Work task - The exercise calls for the lines from the one containing "Prestriped Engineer Grade" to the end of the data below to be output exactly, pictures excluded.

Provided data -
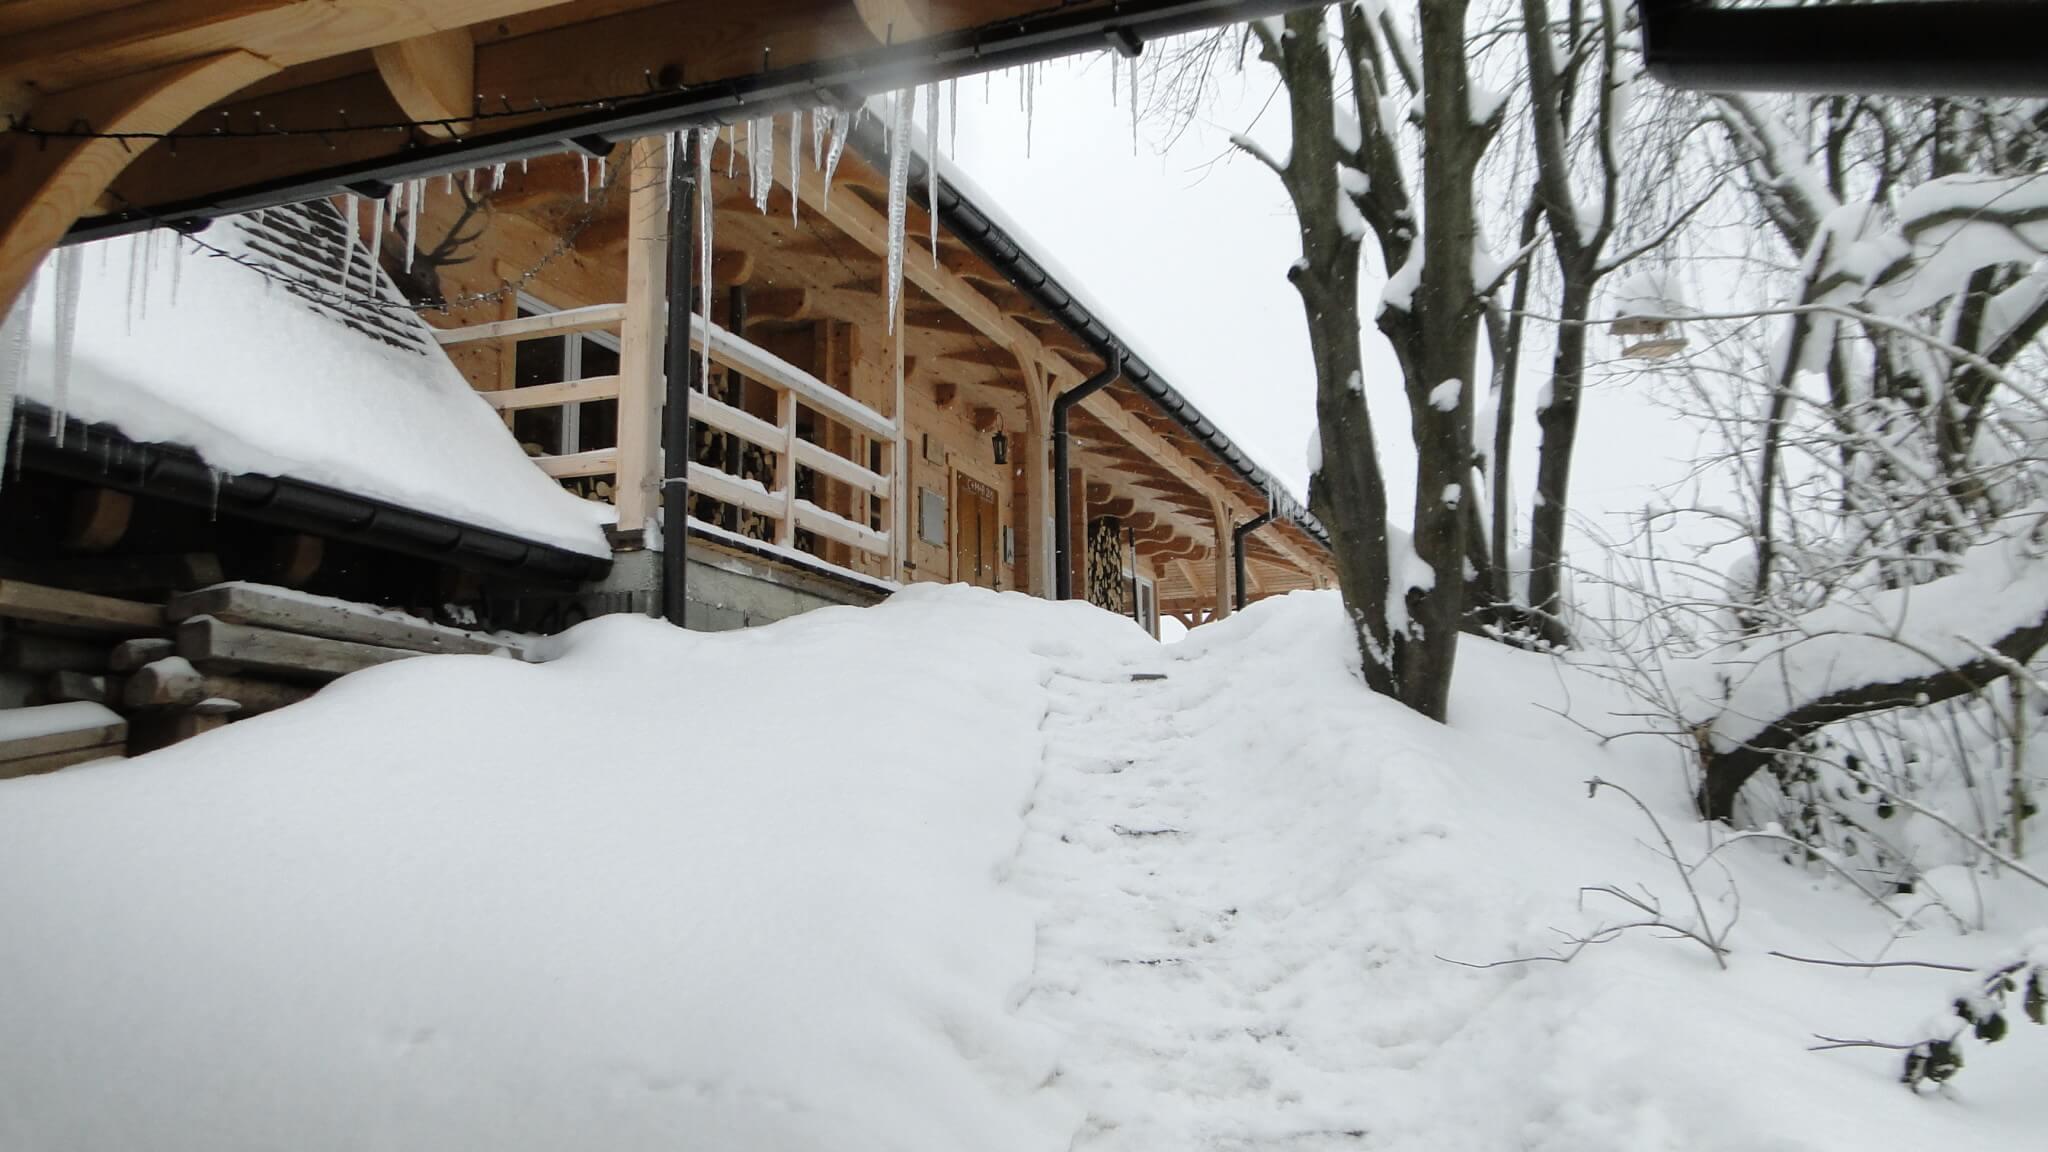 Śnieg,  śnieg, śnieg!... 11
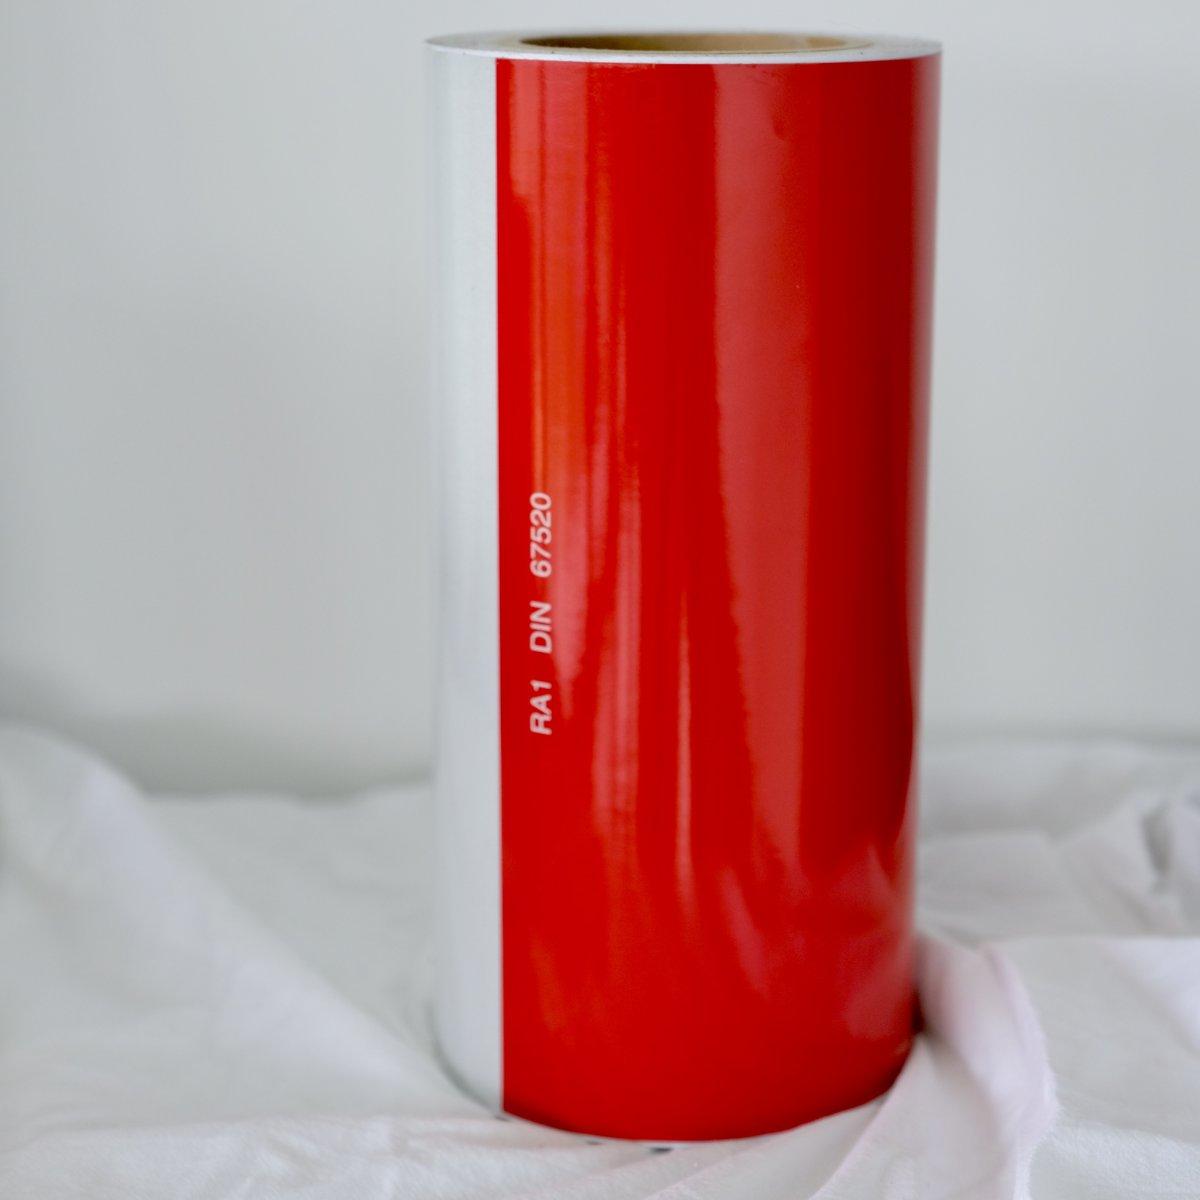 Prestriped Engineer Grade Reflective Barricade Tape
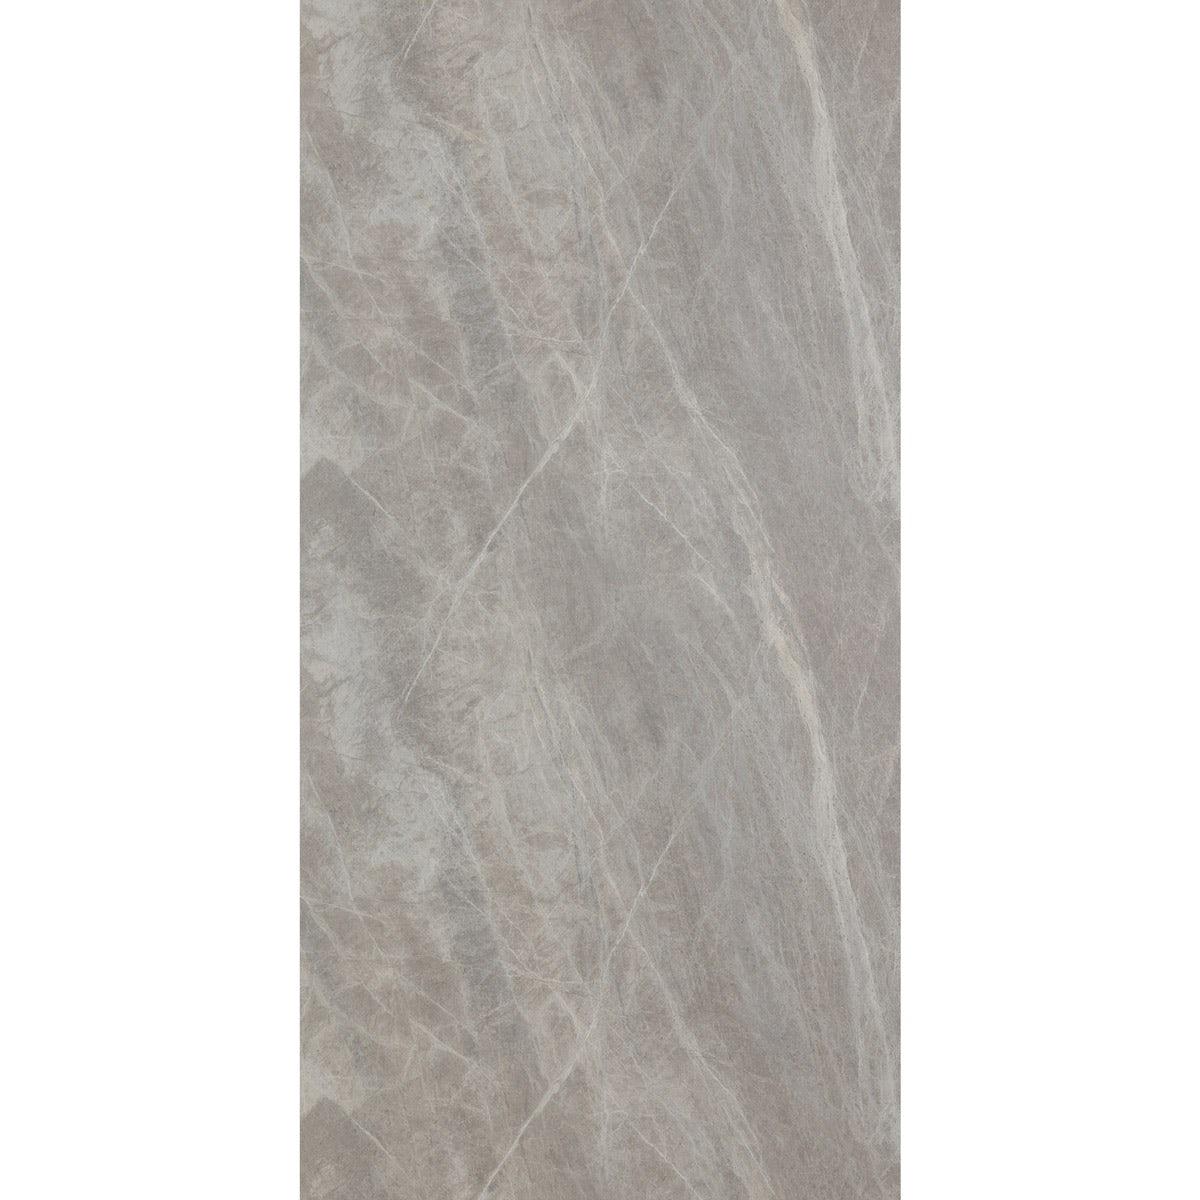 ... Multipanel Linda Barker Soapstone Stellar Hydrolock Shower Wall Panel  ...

Expected answer -
 Prestriped Engineer Grade Reflective Barricade Tape
 ... Multipanel Linda Barker Soapstone Stellar Hydrolock Shower Wall Panel  ...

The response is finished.